The store brand version sold for a lot less. $35 retail. The wholesale cost was just $3 a bottle! The markup on the store brand was extreme.
The problem for me was that a lot of elderly people struggling to survive on Social Security, often with no other income, and suffering from terrible joint pain, would come in and agonize over whether they should buy this stuff, instead of eating properly. I'd say no, but these people were so desperate for ANYTHING that would help them with their arthritis pain.
The store brand was a better deal, but even that was too expensive for many of them. If the company I worked for had based the price of their store-brand Glucosamine on the cost they paid for it, they could have sold it for much, much less. They didn't, because that's not how retailers price things. They priced it at a level that made it look like an incredible deal for the customer.
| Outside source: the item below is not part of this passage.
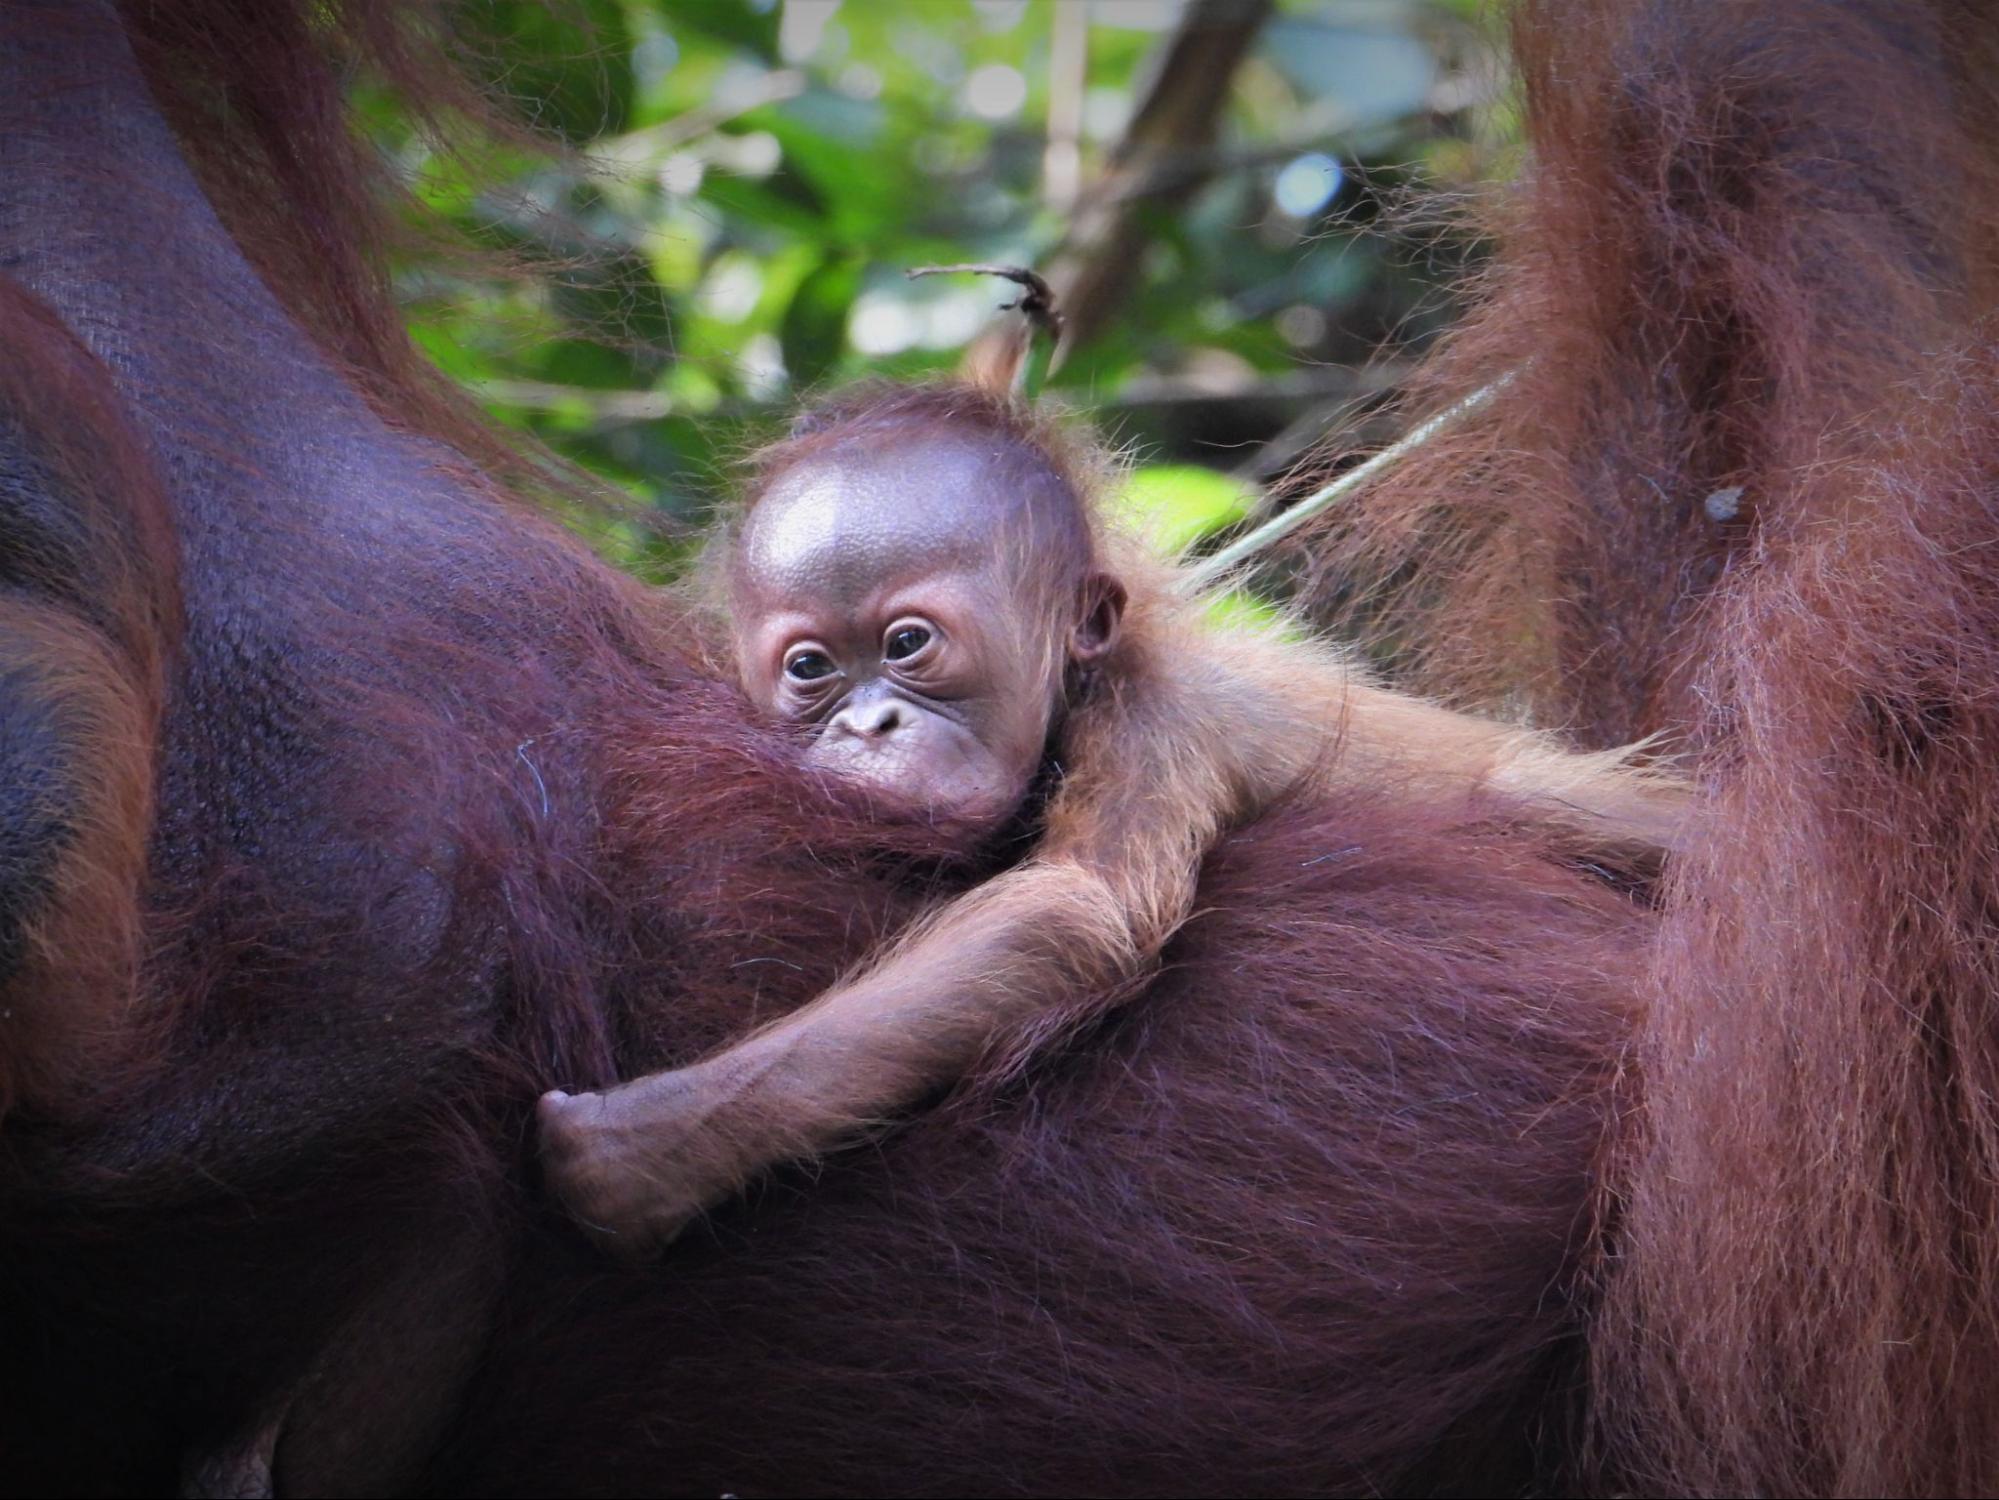 ooooha baby orangutan

We sold stuff for less than we paid for them too. An example was the four-packs of Kodak and Fuji color print films. We sold them ridiculously cheap. At the time, a 4-pack of Fuji 200 was selling for about $5, and the wholesale was $9. Why did we sell it SO far below our cost?
One word: Photofinishing. We had a one-hour lab in the store, and we also had a lower-price next-day service for film developing. The markup on film processing was extremely high. If we could get a customer in the door for the underpriced film, we had a good change of getting them to come back for overpriced developing, and we made a good profit in the deal!
To recap: wholesale cost of goods has almost nothing to do with retail pricing. Retailers charge the highest prices they think they can get away with, though sometimes they sell at a loss to get customers in the door to buy something with a higher profit margin.